Monte Cassino, Italia
L'abbazia sul colle sopra Cassino, all'incirca a metà strada tra Roma e Napoli, è il luogo in cui Benedetto si stabilì intorno al 529 e in cui fu scritta la Regola stessa; è la culla simbolica dell'intera tradizione. Il sito è stato distrutto e ricostruito quattro volte — saccheggiato dai Longobardi, devastato dai Saraceni, abbattuto da un terremoto nel 1349 e ridotto in macerie dai bombardamenti alleati nel febbraio 1944, durante una delle battaglie più aspre della campagna d'Italia. Il complesso attuale è una fedele ricostruzione del dopoguerra, riconsacrata nel 1964, e una comunità benedettina vi abita tuttora. Le tombe di Benedetto e di sua sorella Scolastica giacciono sotto l'altare maggiore, e le terrazze si affacciano sull'ampio cimitero di guerra polacco sulle pendici sottostanti.
Subiaco, Italia
Prima di Monte Cassino, Benedetto trascorse circa tre anni da eremita in una grotta nella gola dell'Aniene a est di Roma, e fu nei dintorni di Subiaco che fondò il suo primo gruppo di piccoli monasteri.
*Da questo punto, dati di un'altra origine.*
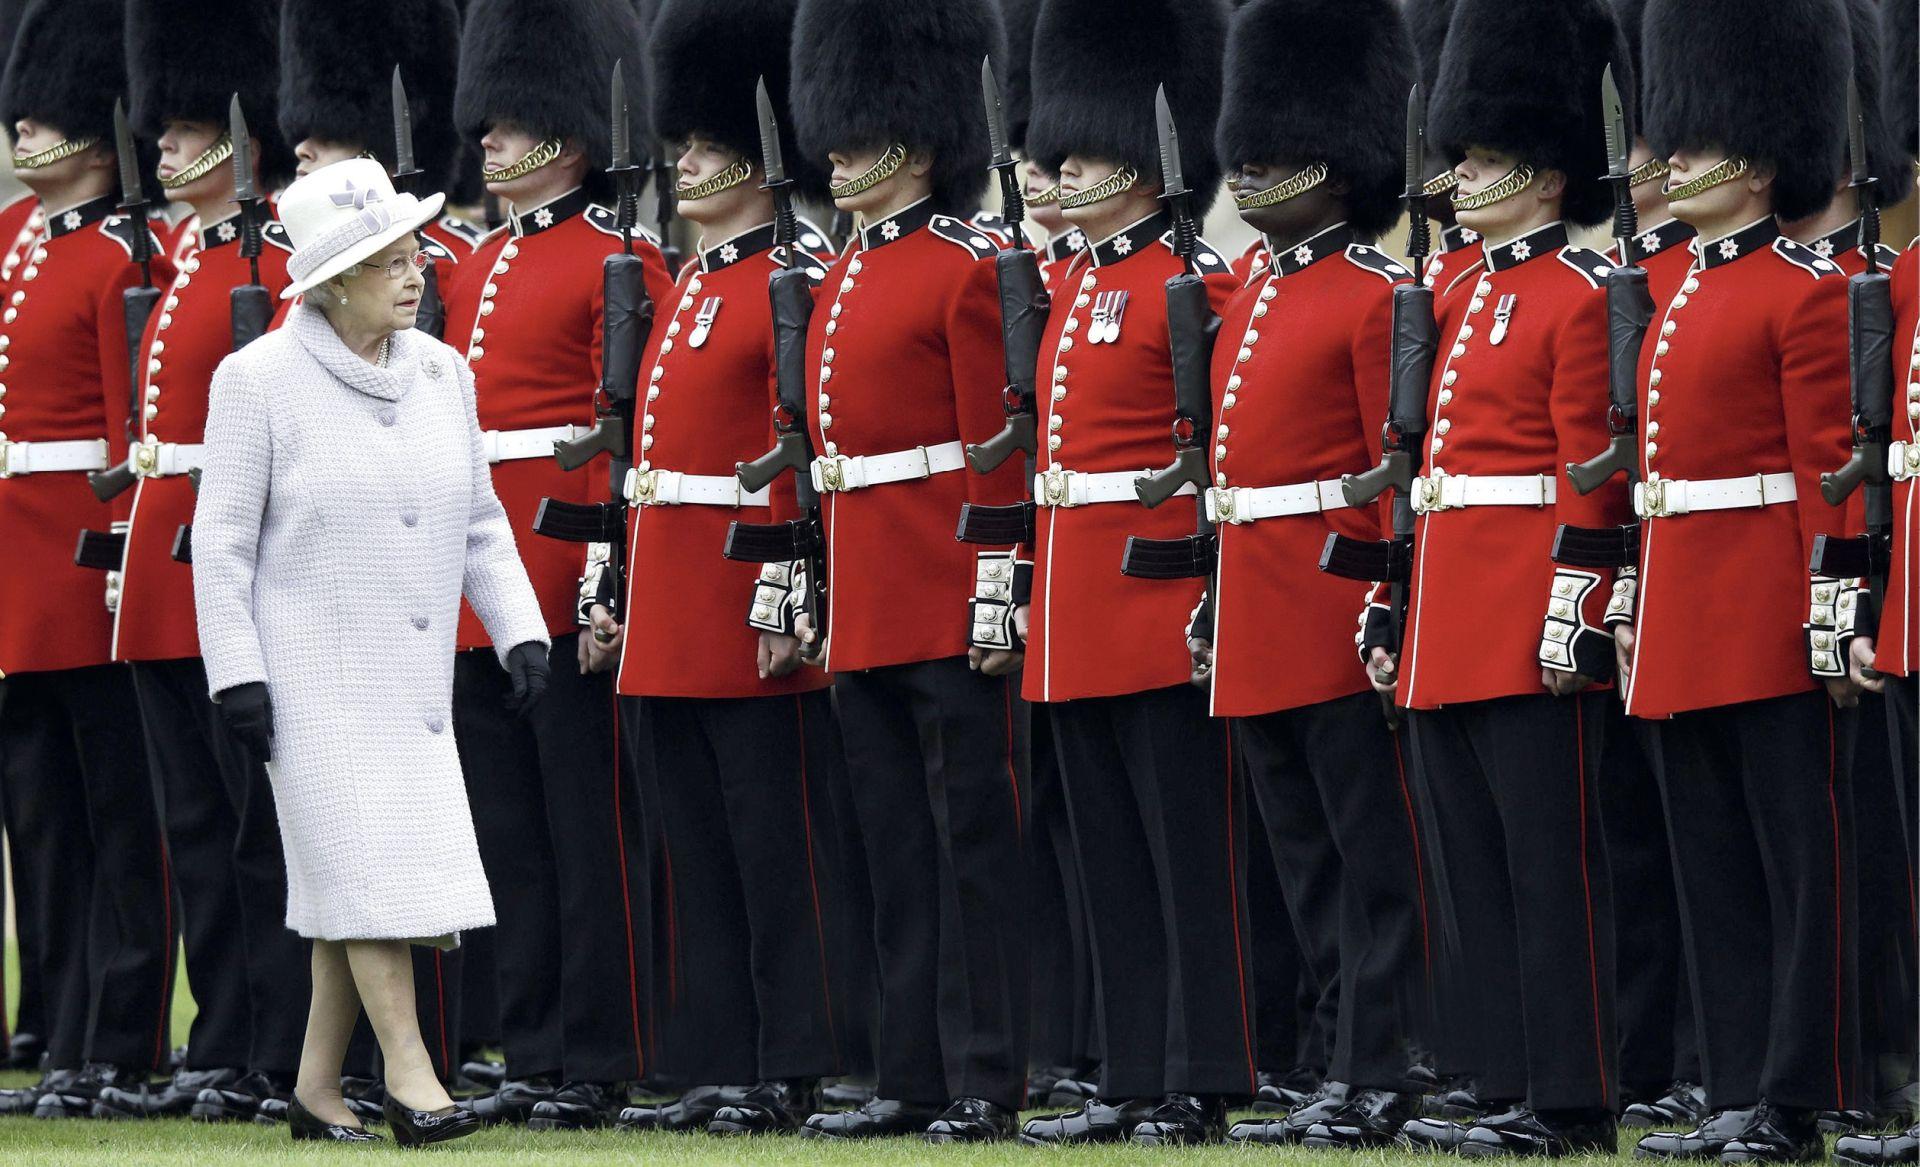 Safirni jubilej kraljice Elizabete u sjeni zahtjeva za abdikacijom

Il monastero di San Benedetto — meglio noto come Sacro Speco, la «santa grotta» — si aggrappa in modo improbabile alla parete rocciosa, con le sue cappelle sovrapposte sulla roccia e ricoperte di affreschi del tredicesimo e quattordicesimo secolo. Tra essi vi è un ritratto di san Francesco d'Assisi che si ritiene risalga a un'epoca vicina alla sua stessa vita, uno dei più antichi che si conservino. Il vicino monastero di Santa Scolastica è l'unica delle fondazioni originarie di Benedetto in questo luogo a essere sopravvissuta, e la prima tipografia d'Italia fu installata tra le sue mura nel 1465.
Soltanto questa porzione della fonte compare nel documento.